--- Activity ---
The listing below holds pictures; exclude them. Return exactly the lines from the one with "CAMP LEMONNIER, Djibouti" through the one with "Ziploc Limited Edition".

#### Material provided

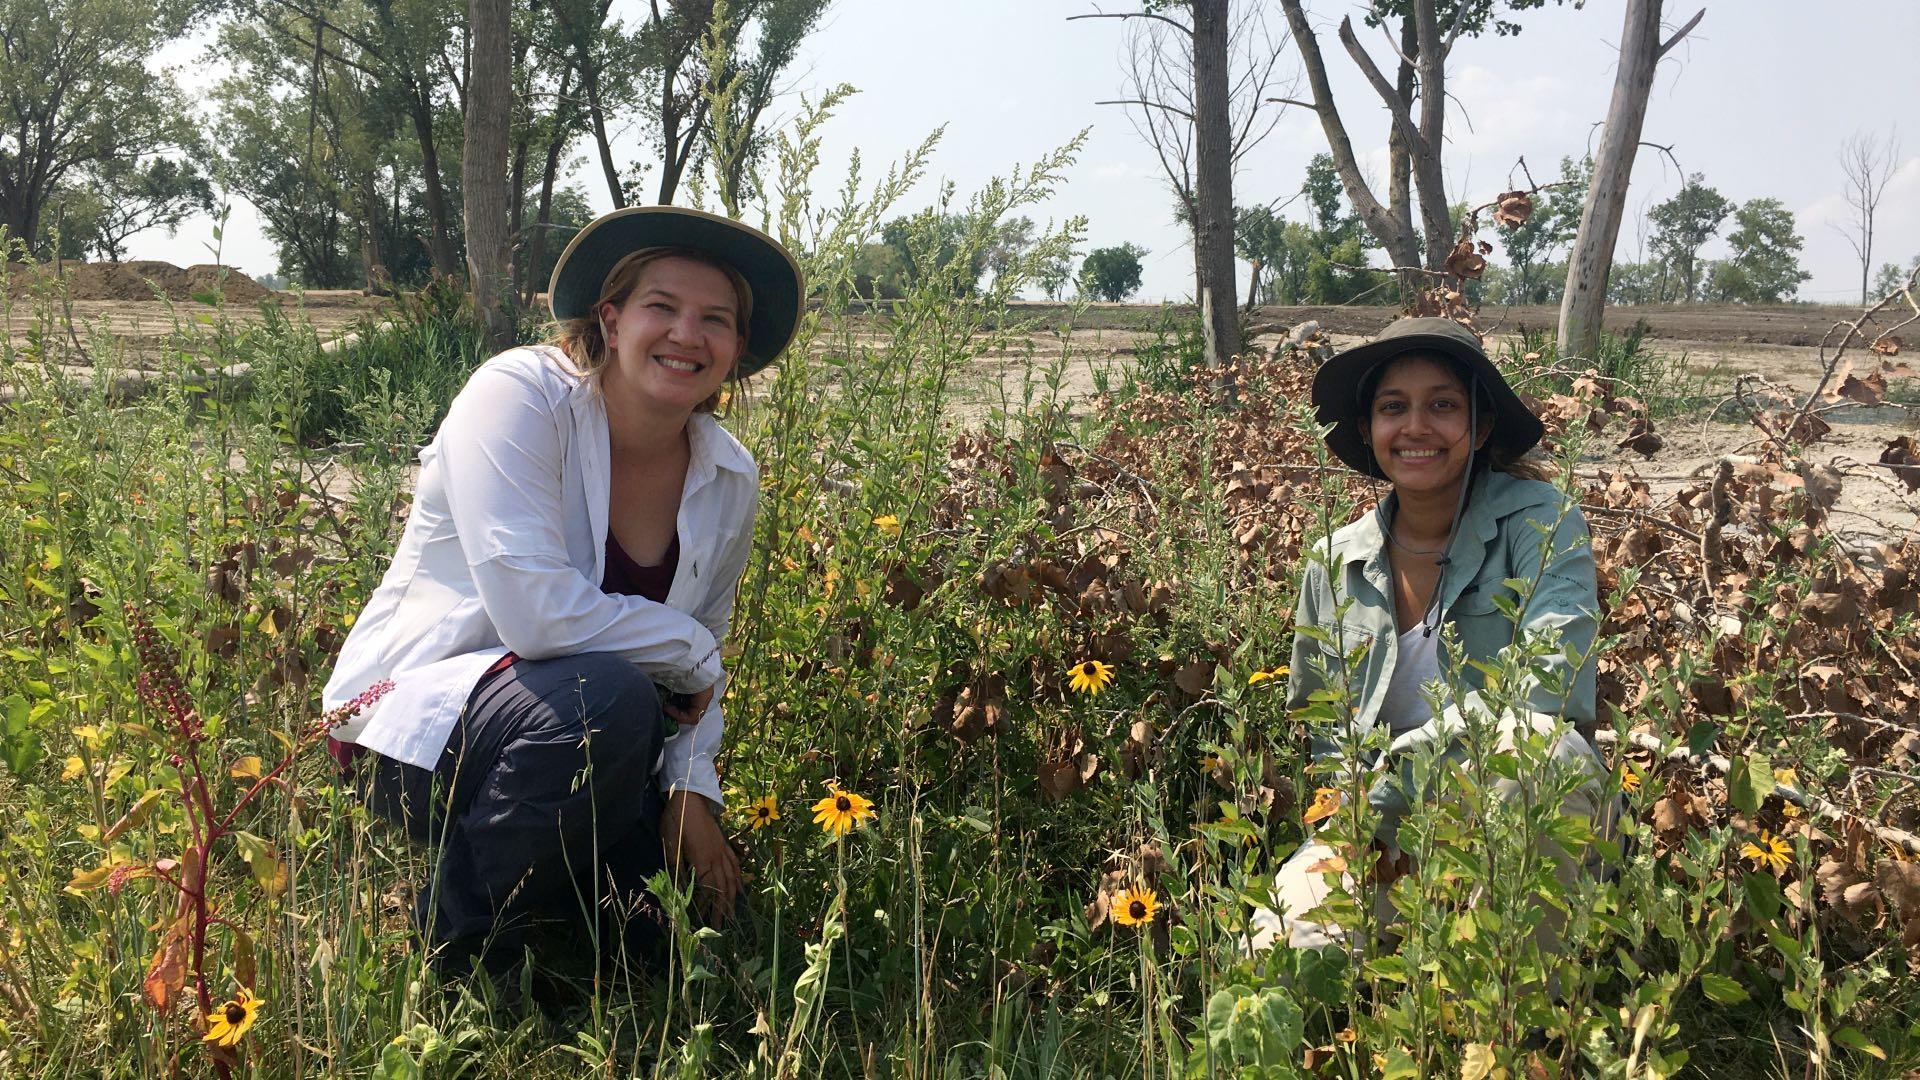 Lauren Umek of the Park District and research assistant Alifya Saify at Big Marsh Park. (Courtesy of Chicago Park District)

########
#### Material provided

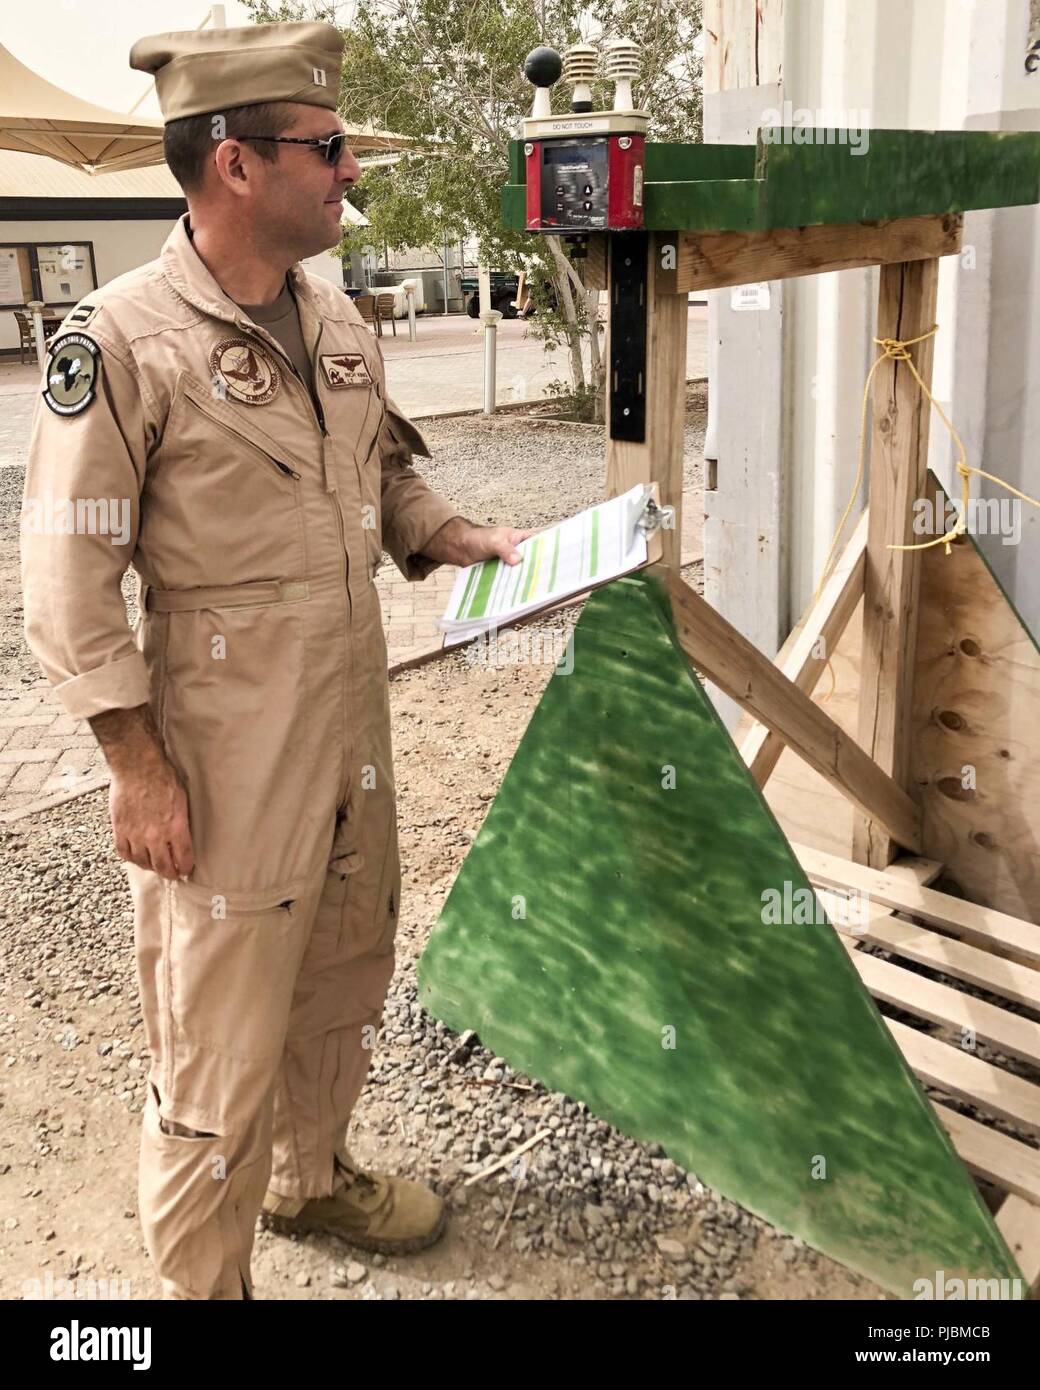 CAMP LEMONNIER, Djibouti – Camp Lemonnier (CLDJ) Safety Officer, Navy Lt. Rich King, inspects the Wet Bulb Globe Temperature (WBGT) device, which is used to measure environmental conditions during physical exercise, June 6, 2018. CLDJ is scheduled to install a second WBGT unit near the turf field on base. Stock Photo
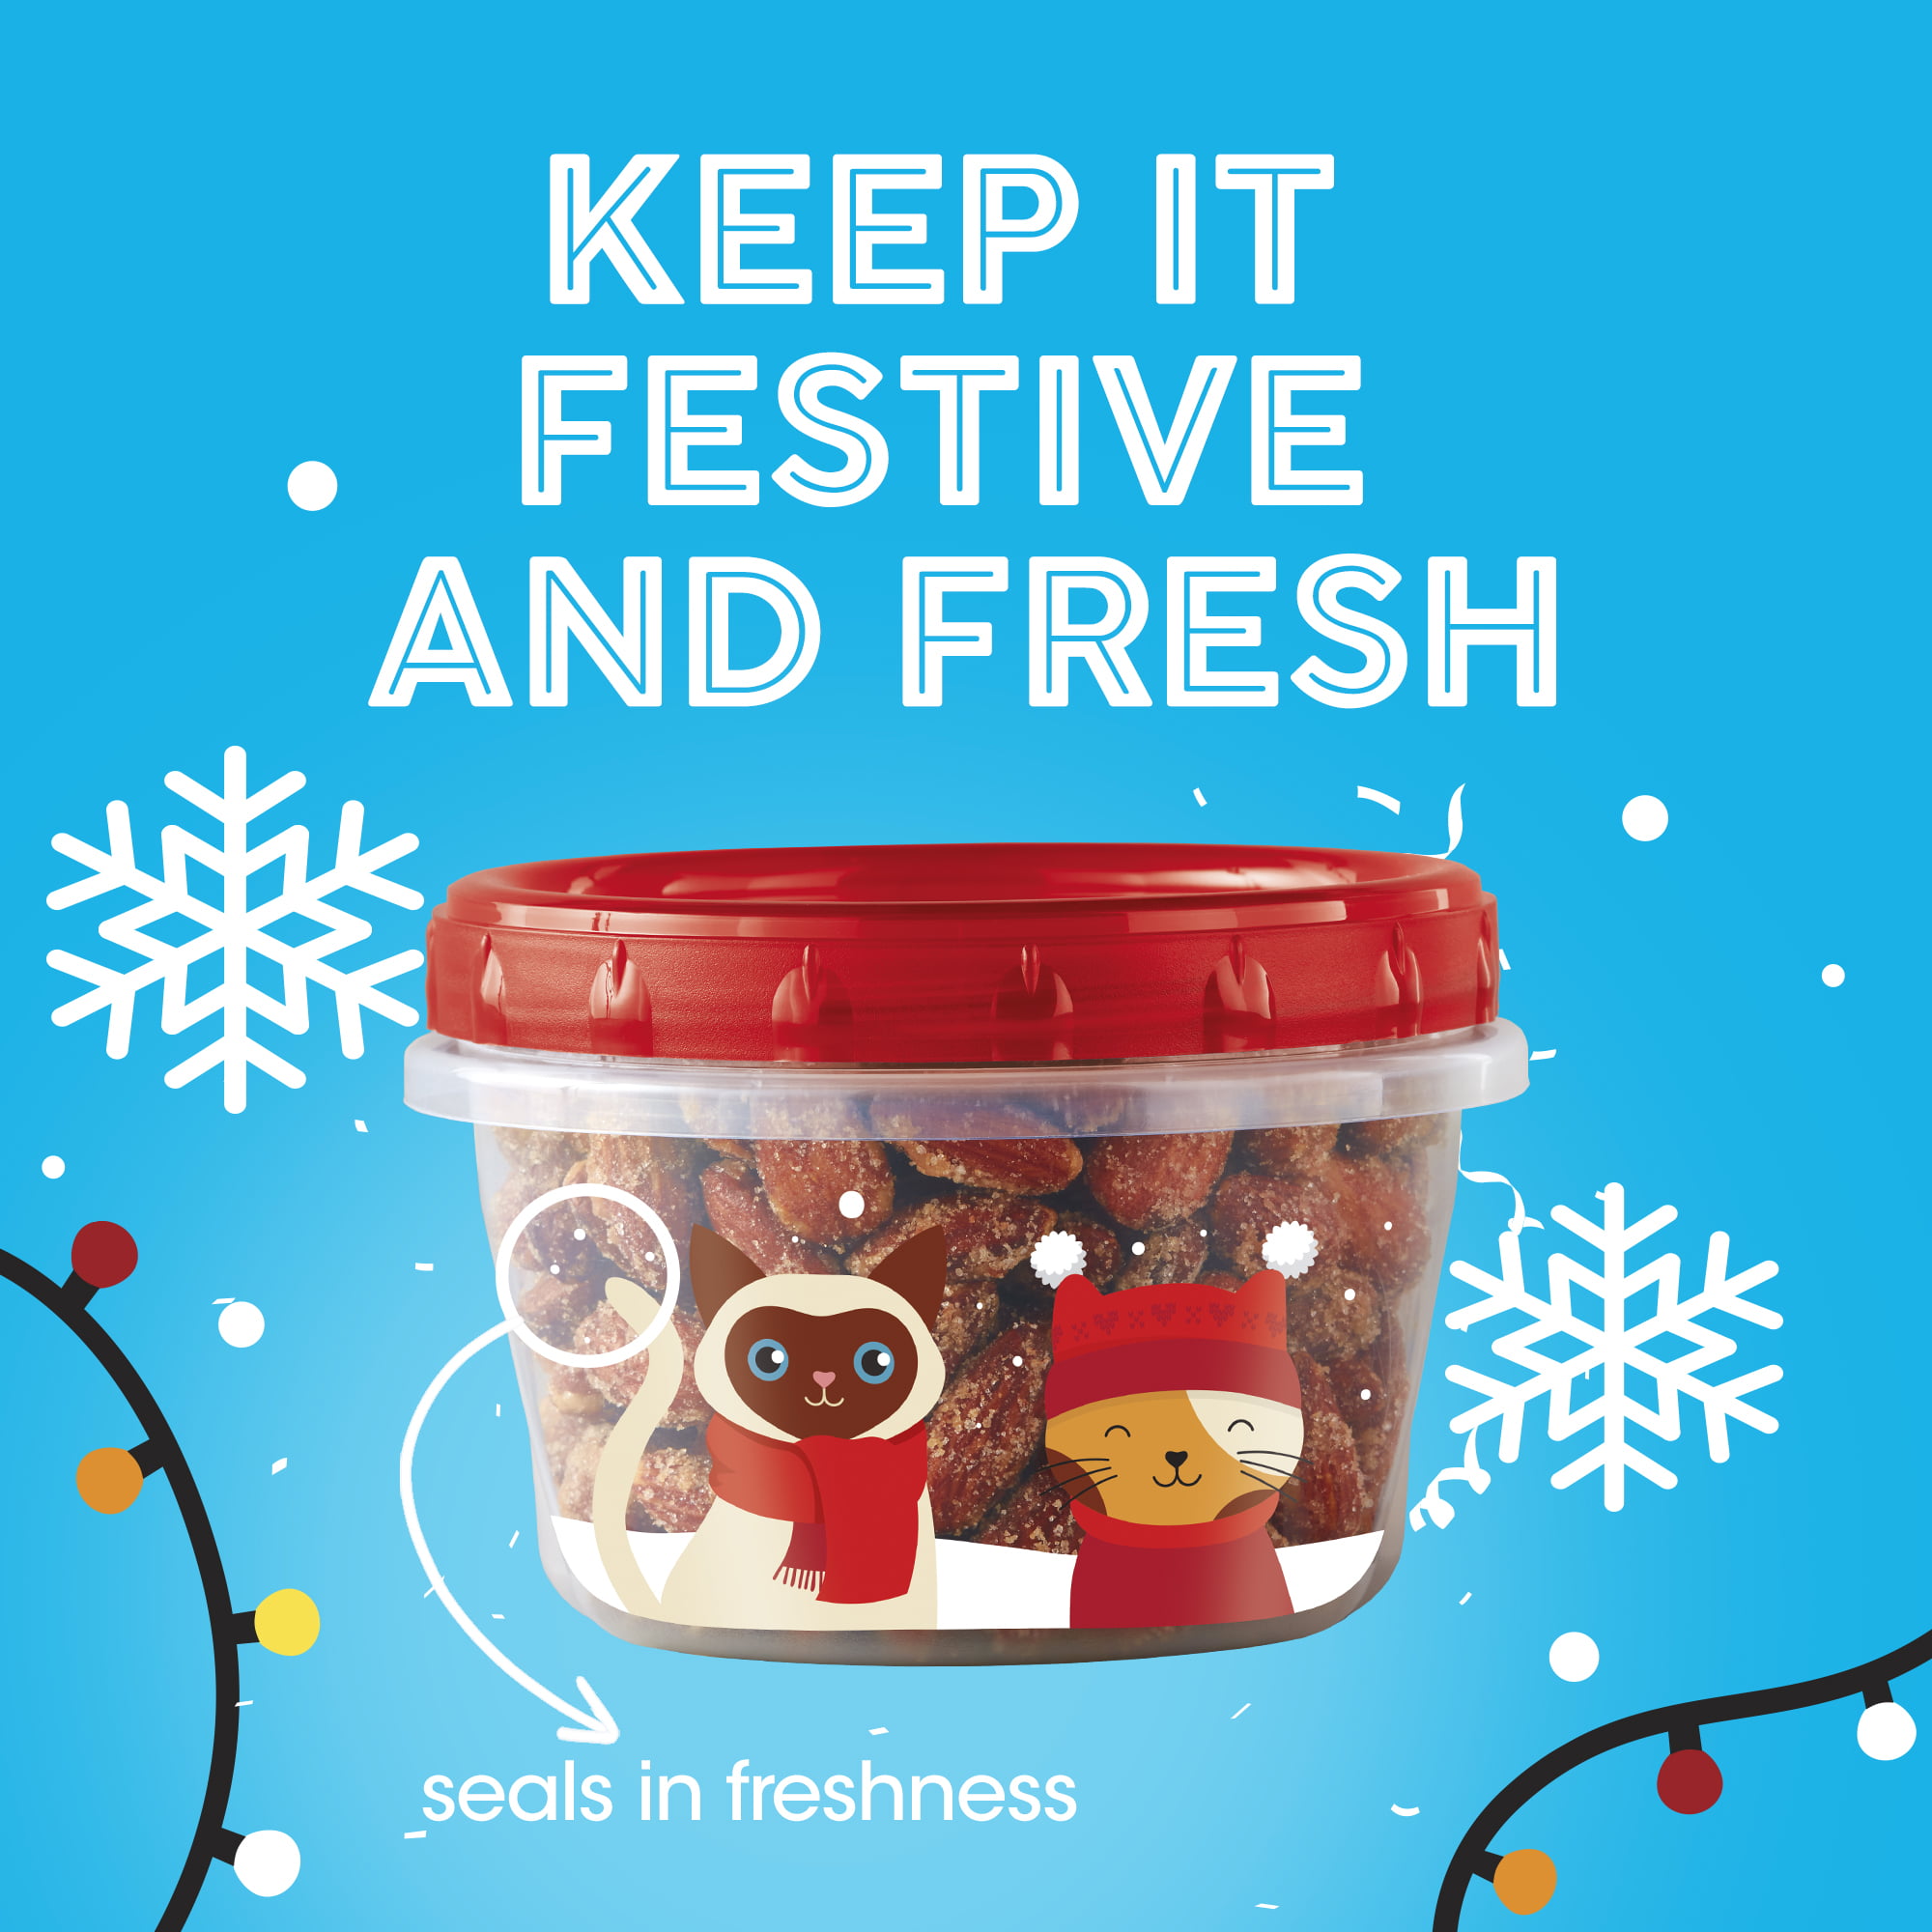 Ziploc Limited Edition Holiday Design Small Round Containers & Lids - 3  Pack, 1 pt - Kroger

########

--- Task result ---
 CAMP LEMONNIER, Djibouti – Camp Lemonnier (CLDJ) Safety Officer, Navy Lt. Rich King, inspects the Wet Bulb Globe Temperature (WBGT) device, which is used to measure environmental conditions during physical exercise, June 6, 2018. CLDJ is scheduled to install a second WBGT unit near the turf field on base. Stock Photo
 Ziploc Limited Edition Holiday Design Small Round Containers & Lids - 3  Pack, 1 pt - Kroger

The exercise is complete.